WHAT YOU SHOULD DO: Could you write out each entry exactly as it reads?

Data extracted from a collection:

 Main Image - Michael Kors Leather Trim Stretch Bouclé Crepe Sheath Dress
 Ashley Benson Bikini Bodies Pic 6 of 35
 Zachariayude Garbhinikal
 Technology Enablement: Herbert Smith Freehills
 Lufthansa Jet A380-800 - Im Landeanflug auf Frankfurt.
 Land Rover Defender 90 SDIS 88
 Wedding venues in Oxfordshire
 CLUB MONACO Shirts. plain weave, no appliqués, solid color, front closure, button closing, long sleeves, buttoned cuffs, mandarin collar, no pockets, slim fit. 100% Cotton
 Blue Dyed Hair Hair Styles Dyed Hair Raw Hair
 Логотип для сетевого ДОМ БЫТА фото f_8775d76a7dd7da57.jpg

ANSWER BOX:
 Main Image - Michael Kors Leather Trim Stretch Bouclé Crepe Sheath Dress
 Ashley Benson Bikini Bodies Pic 6 of 35
 Zachariayude Garbhinikal
 Technology Enablement: Herbert Smith Freehills
 Lufthansa Jet A380-800 - Im Landeanflug auf Frankfurt.
 Land Rover Defender 90 SDIS 88
 Wedding venues in Oxfordshire
 CLUB MONACO Shirts. plain weave, no appliqués, solid color, front closure, button closing, long sleeves, buttoned cuffs, mandarin collar, no pockets, slim fit. 100% Cotton
 Blue Dyed Hair Hair Styles Dyed Hair Raw Hair
 Логотип для сетевого ДОМ БЫТА фото f_8775d76a7dd7da57.jpg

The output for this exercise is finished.